The race will be accompanied by a series of mental and physical challenges, with the public in Africa and around the world encouraged to participate alongside the rangers. A new element this year will be a mini challenge for ranger teams with canine units, in which dogs and handlers will demonstrate their tracking skills. Find out more, donate to the cause and sign up to run in solidarity with Africa’s rangers at

The Challenge

The Wildlife Ranger Challenge was established in 2020 at the onset of the COVID-19 pandemic to alleviate some of the devastating effects that the virus was having on the livelihoods of Wildlife Rangers throughout Africa and the animals they were responsible for protecting.

This year’s Wildlife Ranger Challenge will have a bigger impact than ever before. The Challenge will seek to correct misconceptions of the role of rangers and support the development of the entire “rangering” profession. To support this goal, Mark Scheinberg and the Scheinberg Relief Fund, the Challenge’s founding donor, has generously committed $1 million in match-funding in support of rangers, on top of the total $6.5 million to the campaign to date.

Rangers seek Sh500m by September to protect iconic wildlife

Mark Scheinberg, Scheinberg Relief Fund says: “We’re extremely proud to be supporting the Wildlife Ranger Challenge in its third year and highlighting the varied role of rangers in Africa. It was a personal pleasure and honour to meet dozens of rangers in Kenya last year – truly local heroes. Without their daily dedication, wildlife in the region and across Africa would not survive. I encourage anyone who wants to preserve African wildlife and support the men and women that protect them, to join this year’s Wildlife Ranger Challenge.”

A survey conducted by Tusk at the recent Tusk Conservation Symposium found that the top five threats to conservation over the next ten years include habitat loss, human-wildlife conflict, and climate change. The skills needed to meet these challenges are indicative of the changing role of wildlife rangers. Yet, despite the multifaceted nature of the job, rangers are often misunderstood as just a man with a gun chasing poachers.
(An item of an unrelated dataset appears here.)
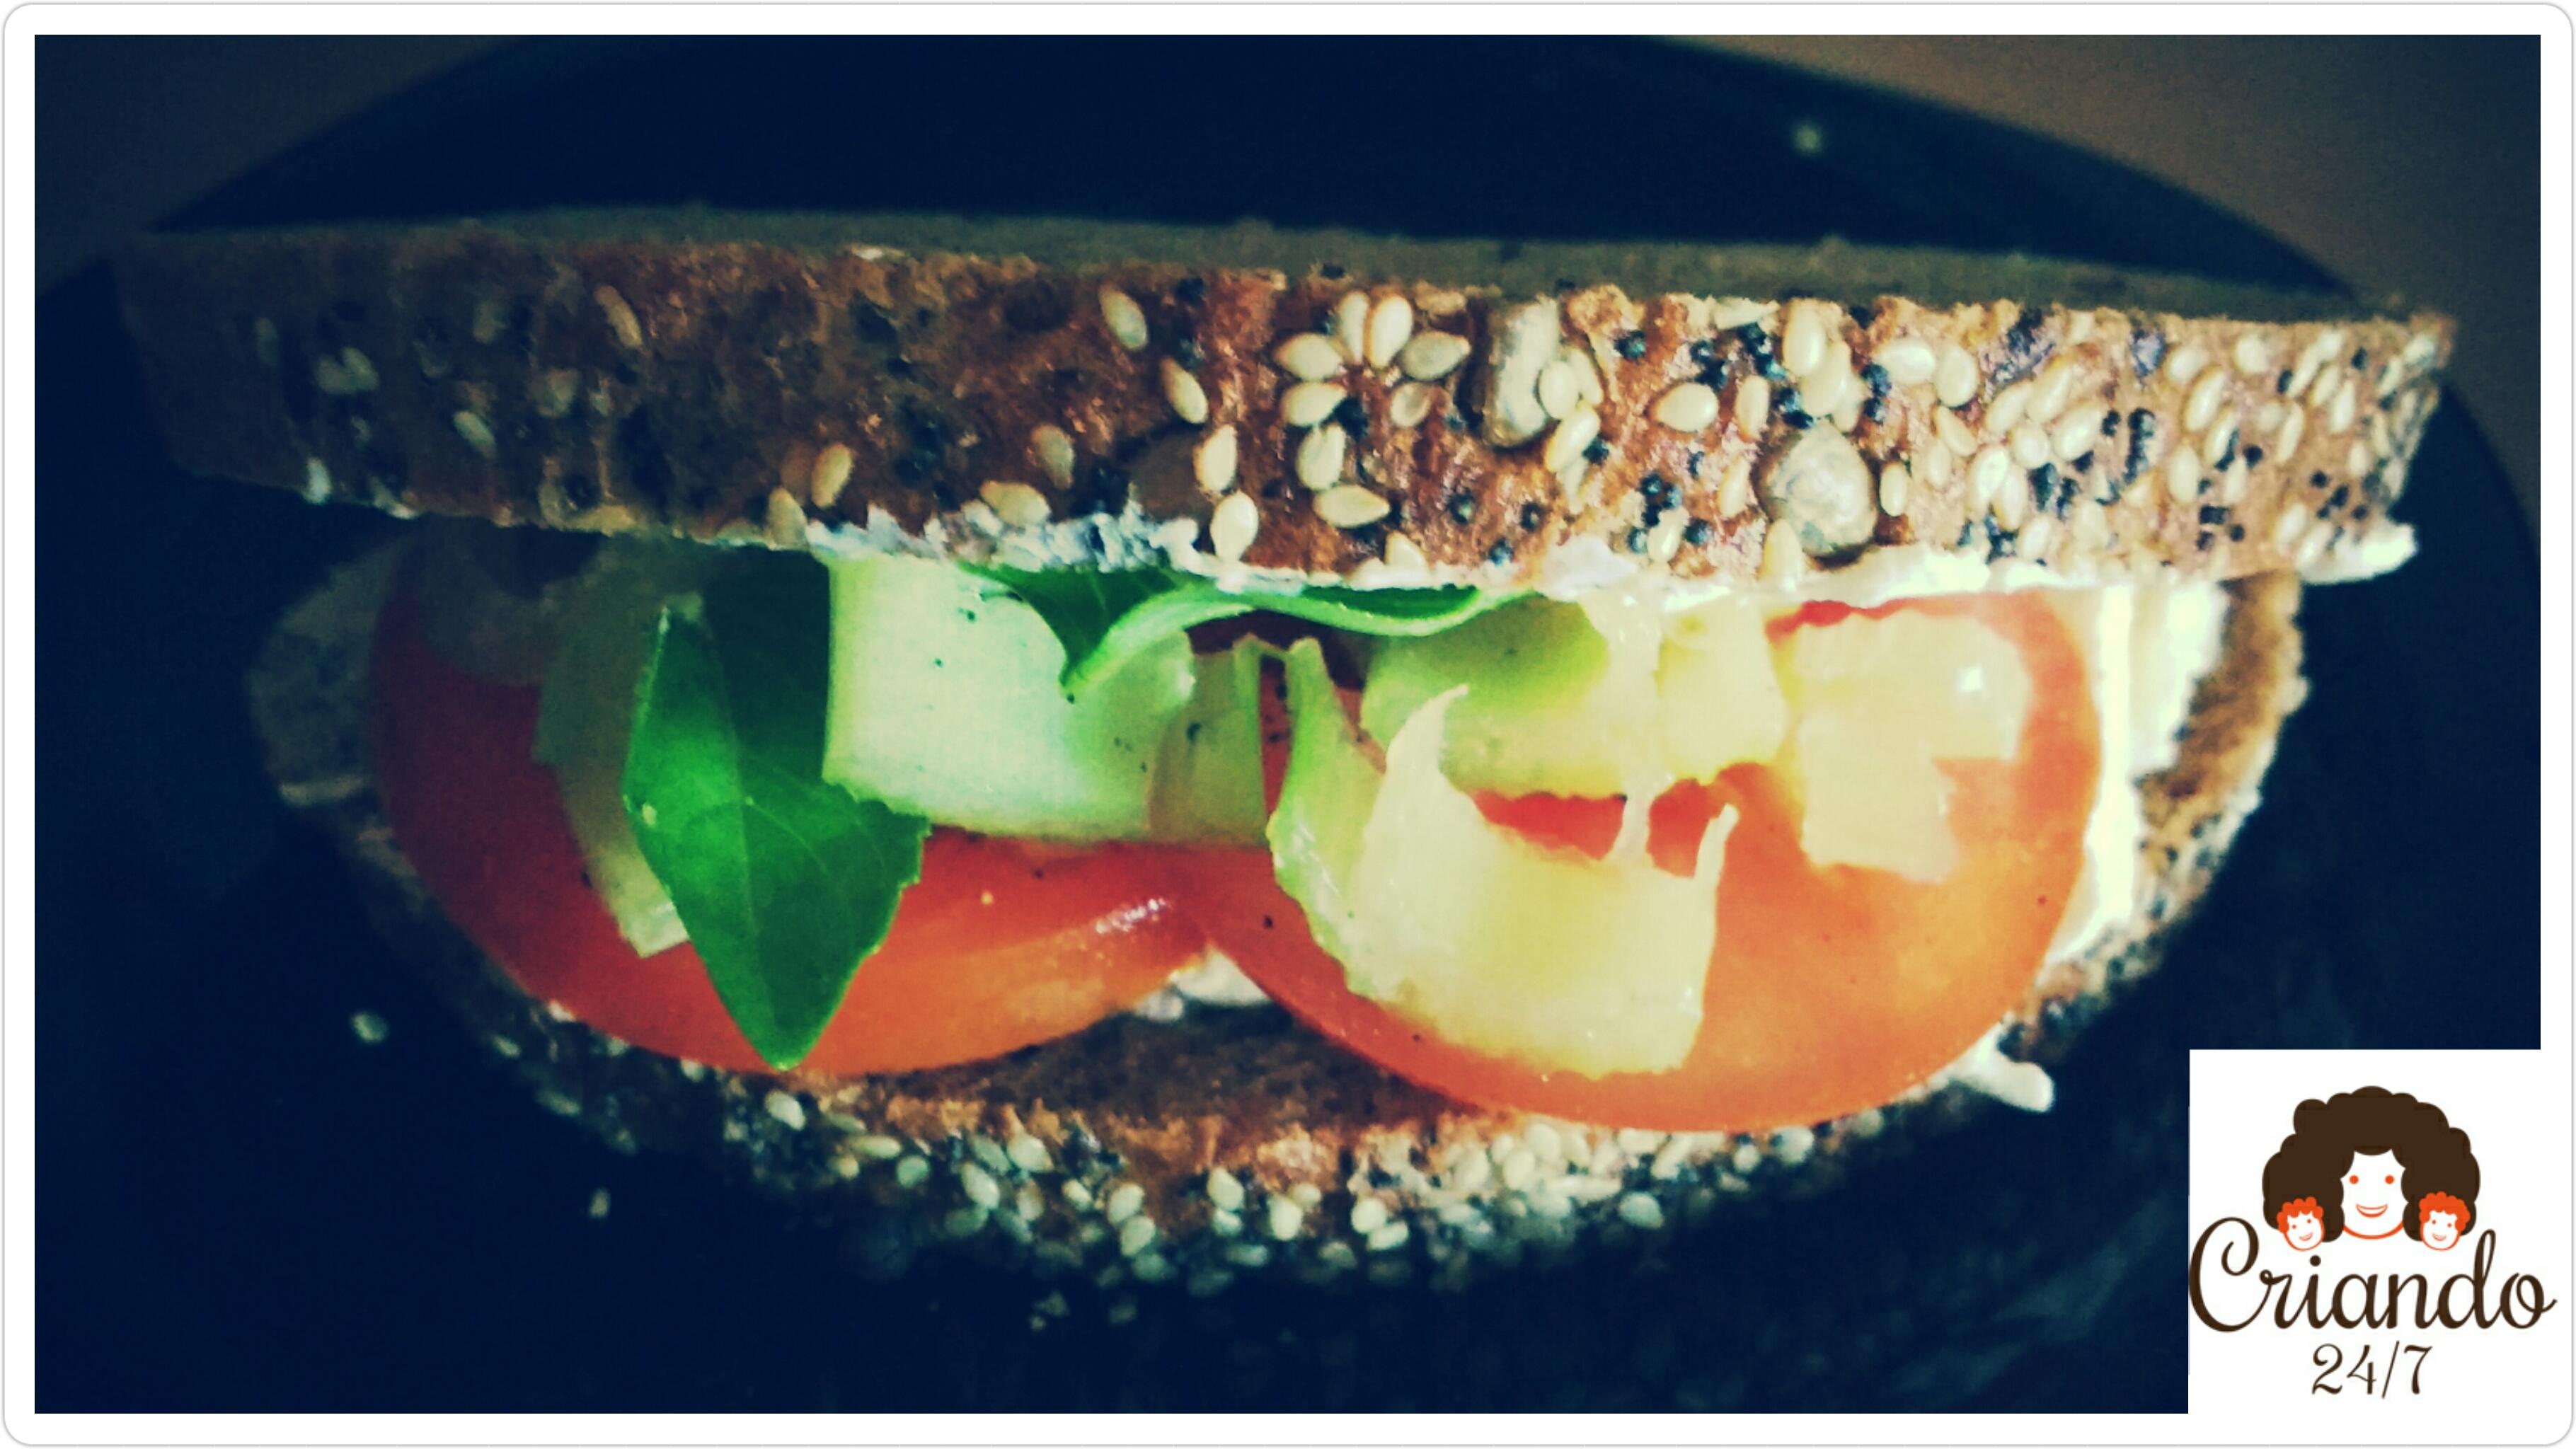 criando247 #HoyComemos SandwichQuesoTomateApioAlbahaca3

The Wildlife Ranger Challenge 2022 will spotlight the ever-diversifying role of rangers to demonstrate their broad roles as conservationists, teachers, community support workers and leaders, contributing not just to protecting wildlife and supporting their immediate communities, but to global UN Sustainable Development Goals.
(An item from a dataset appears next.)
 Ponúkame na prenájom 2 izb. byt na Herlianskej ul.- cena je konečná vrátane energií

As the Challenge develops, it aims to become a movement to drive the recognition of rangering as a profession, build camaraderie amongst rangers and their colleagues across borders, and drive improvements for the welfare of rangers in the field across Africa.

Benson Kanyembo, Law Enforcement Adviser for Conservation South Luangwa (Zambia) says: “The threats facing wildlife and the natural world are only growing. As well as poaching, these days we also have to improve human-wildlife coexistence while at the same time addressing the impacts of climate change and population growth on land use. As rangers, we’re doing more than ever to protect Africa’s wildlife, despite the funding challenges created by COVID-19. To ensure we can continue securing a future for Africa’s wildlife, we need greater support as we not only rebuild post pandemic but develop and expand our impact.”